ASSIGNMENT
Starting at the line below that contains "Wolf Mascot Logo School" and ending at the line that contains "eliminan iva a productos menstruales", retype each line exactly as it stands, but omit the pictures.

*** Opening GIVEN RECORDS ***

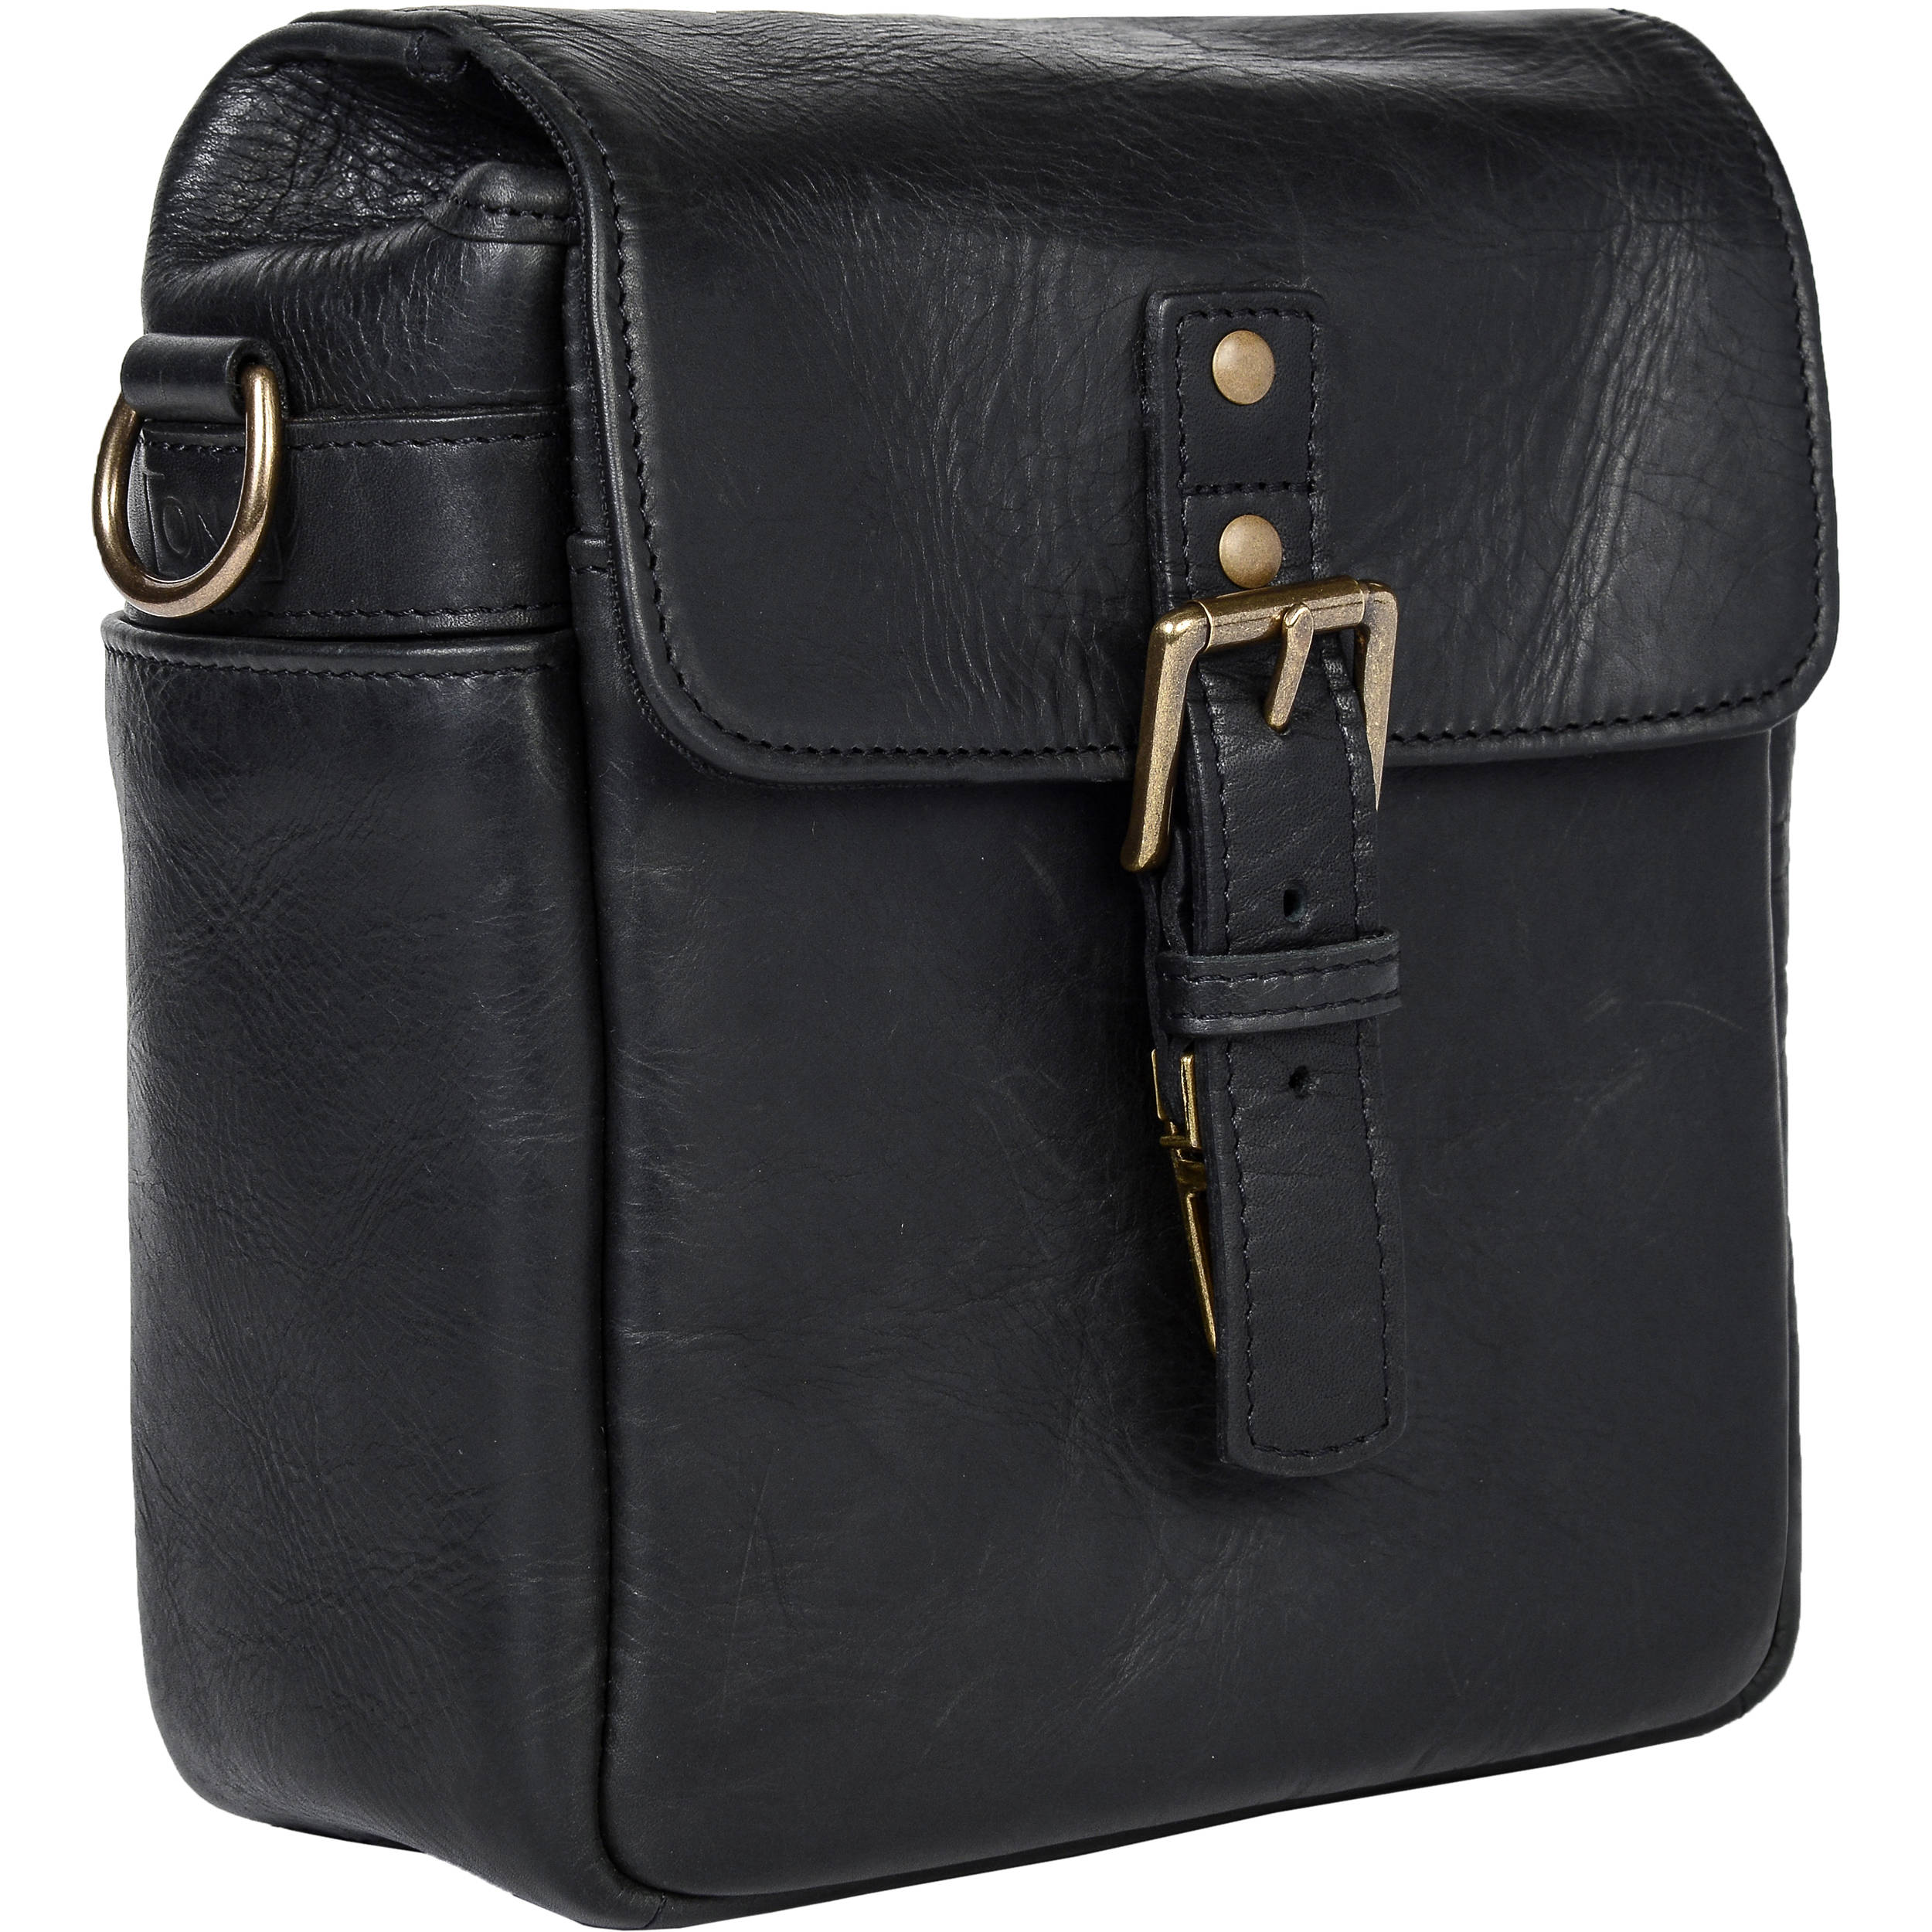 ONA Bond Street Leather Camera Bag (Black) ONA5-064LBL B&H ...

*** Closing GIVEN RECORDS ***
*** Opening GIVEN RECORDS ***

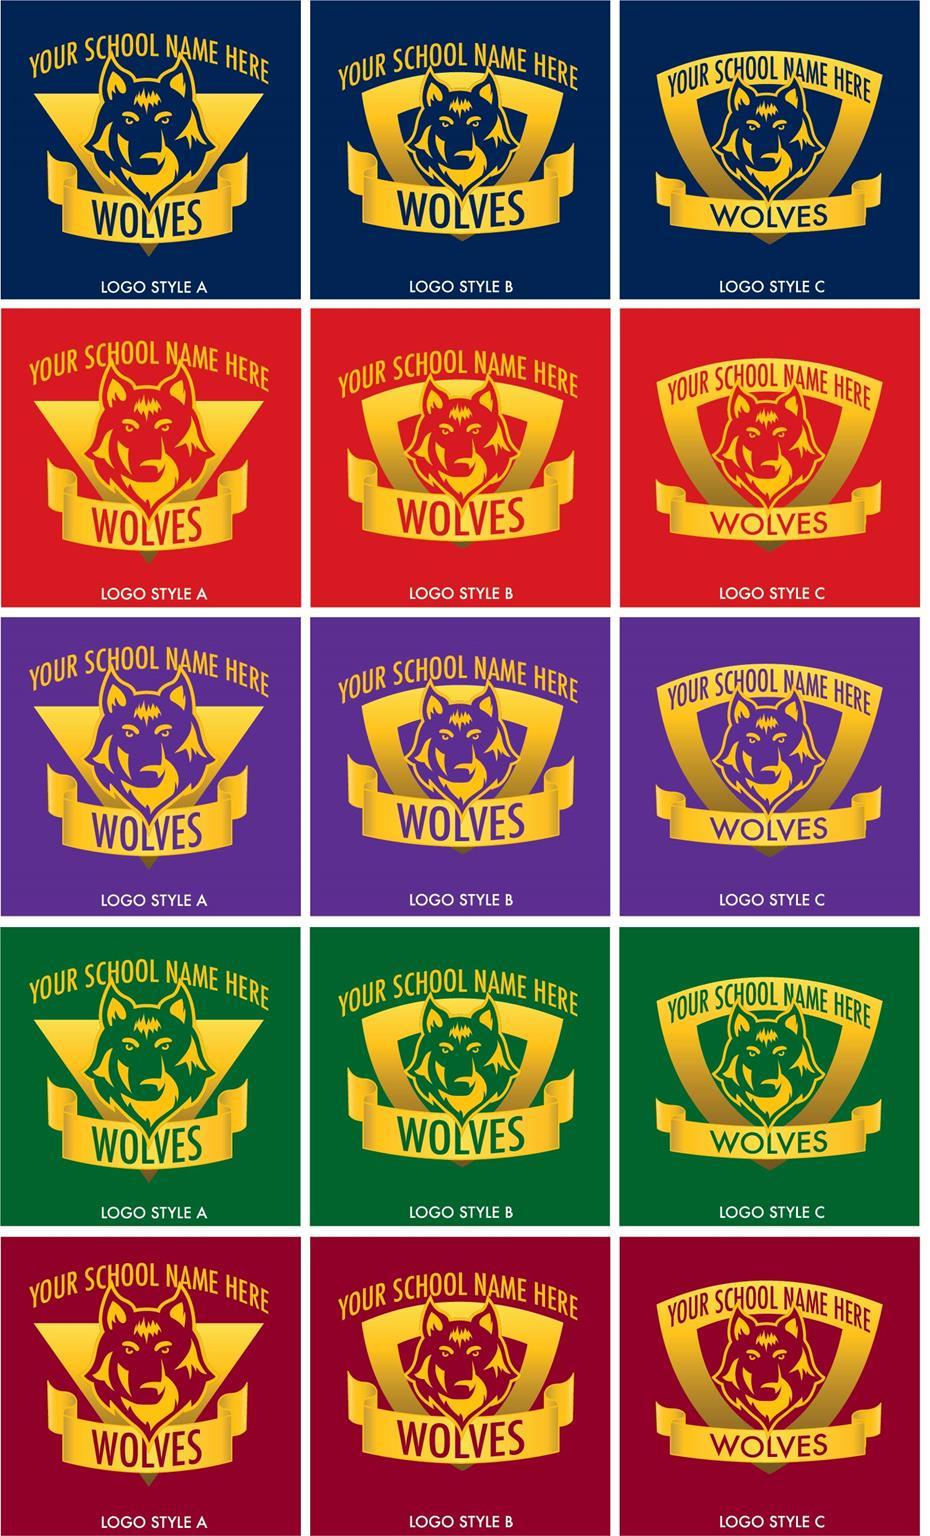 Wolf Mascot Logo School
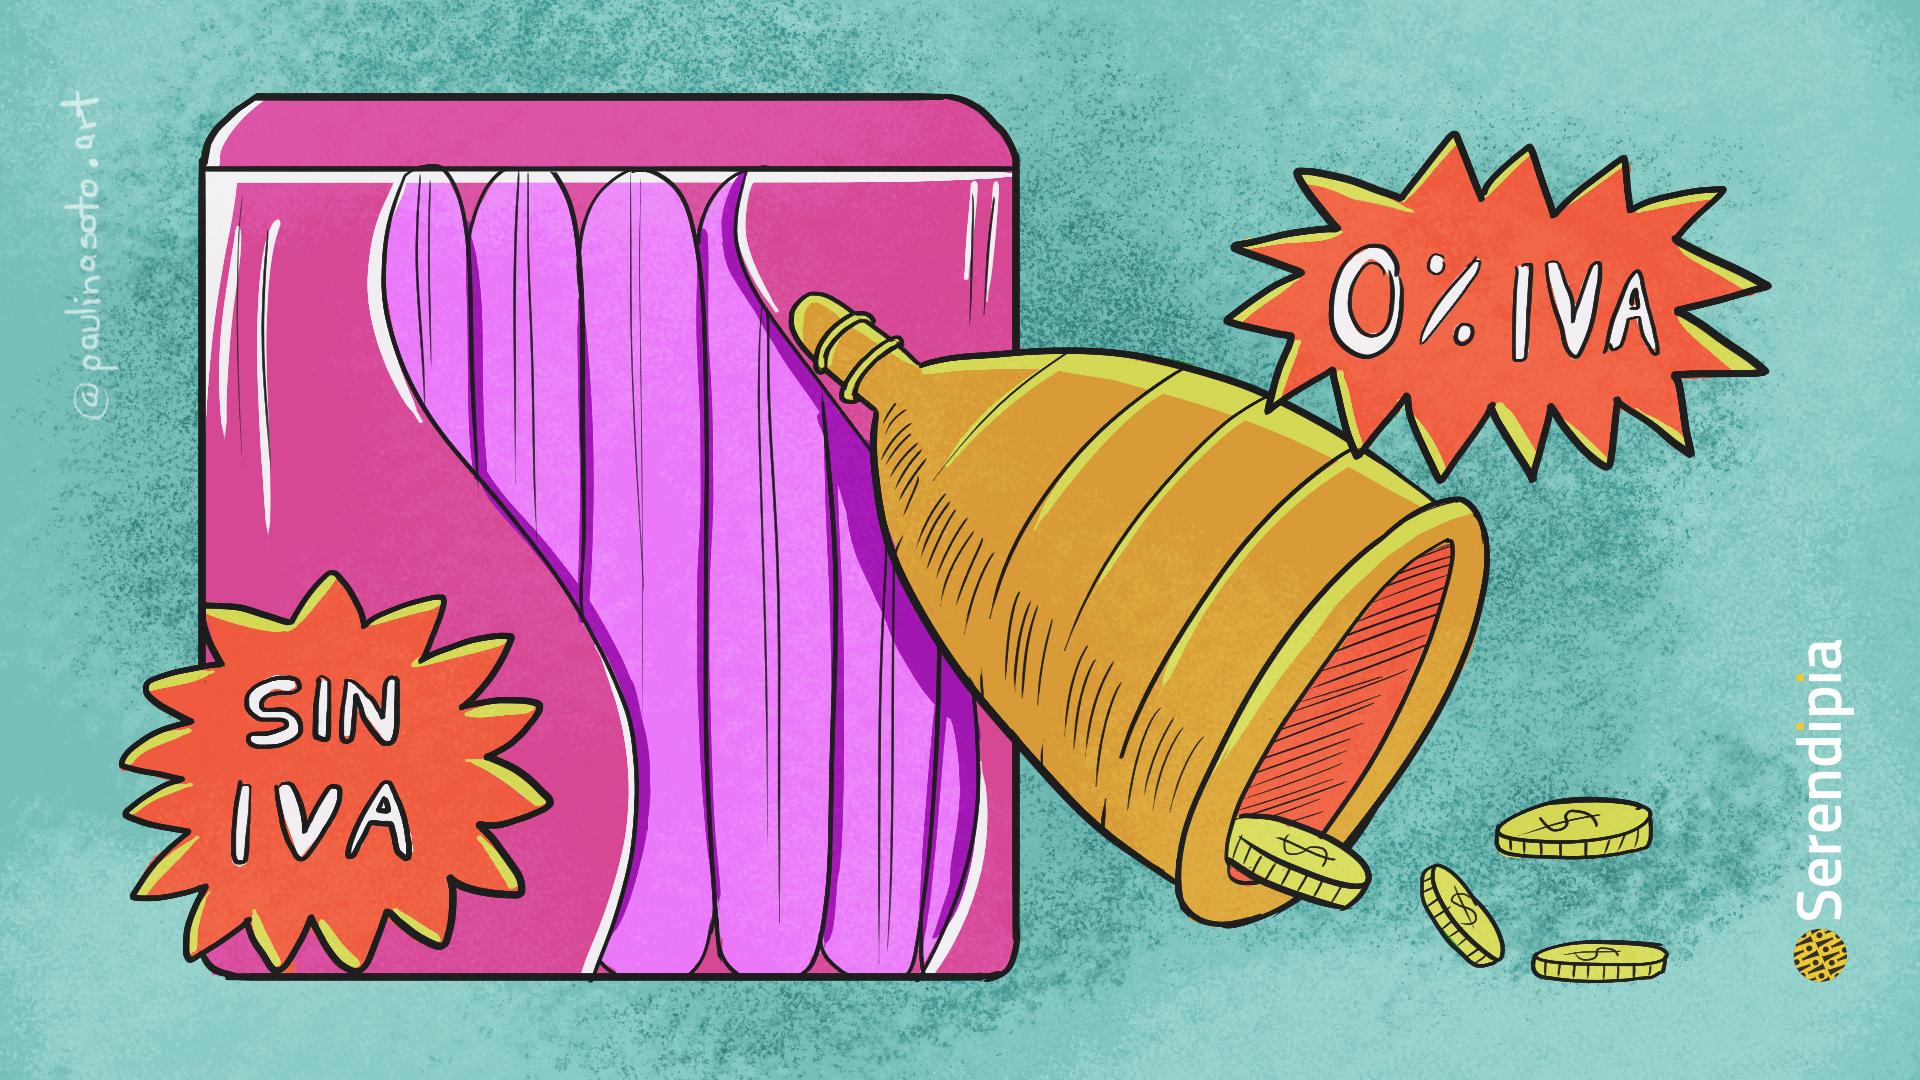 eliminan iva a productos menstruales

*** Closing GIVEN RECORDS ***
*** Opening GIVEN RECORDS ***

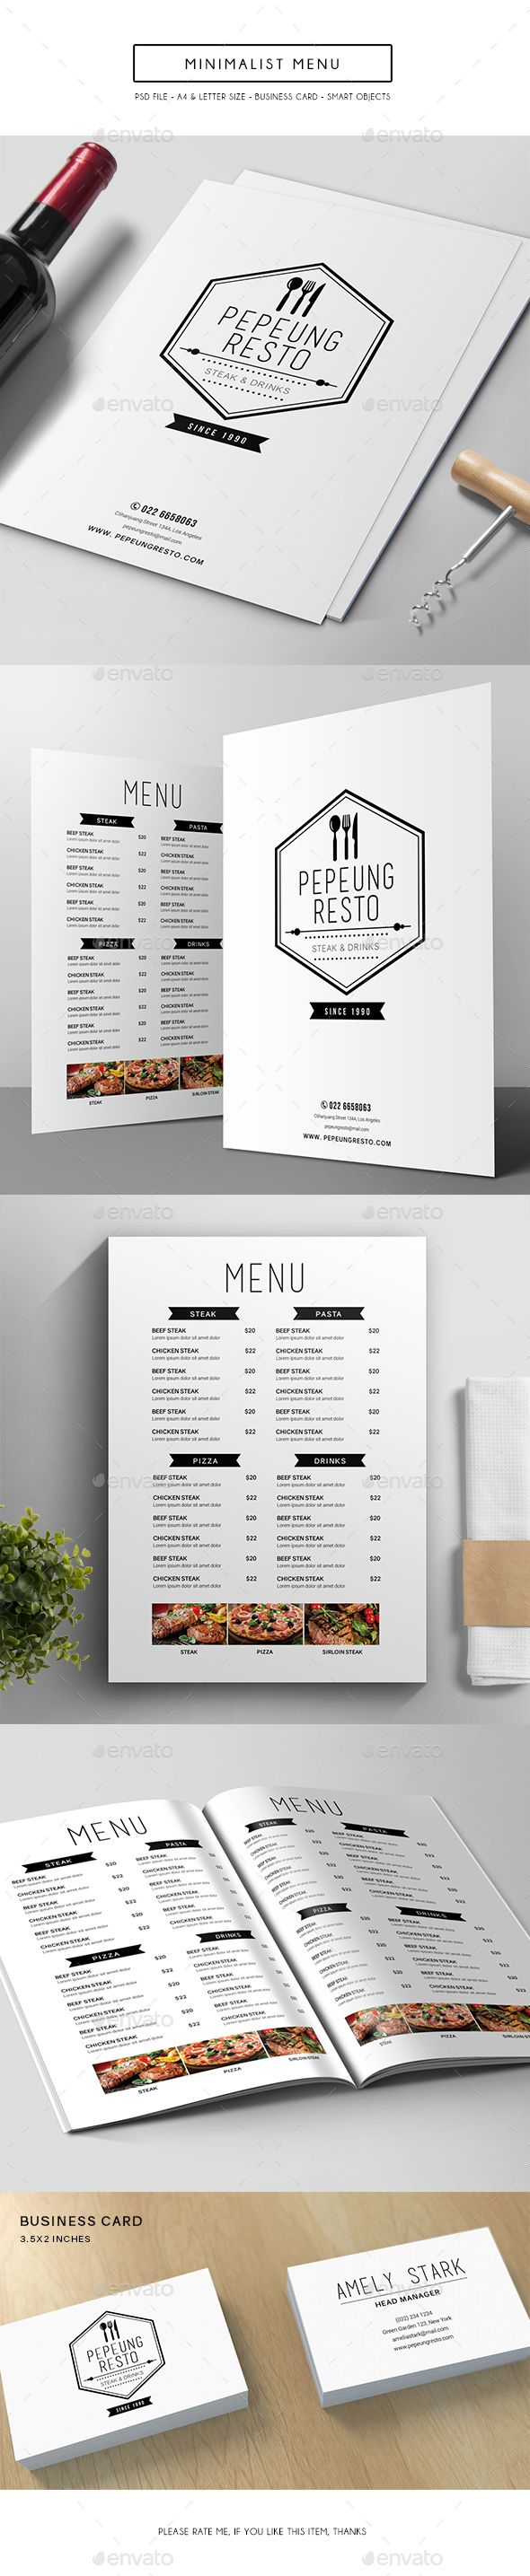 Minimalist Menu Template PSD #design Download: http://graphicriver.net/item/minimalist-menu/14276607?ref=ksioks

*** Closing GIVEN RECORDS ***

SOLUTION TO THIS TASK
 Wolf Mascot Logo School
 eliminan iva a productos menstruales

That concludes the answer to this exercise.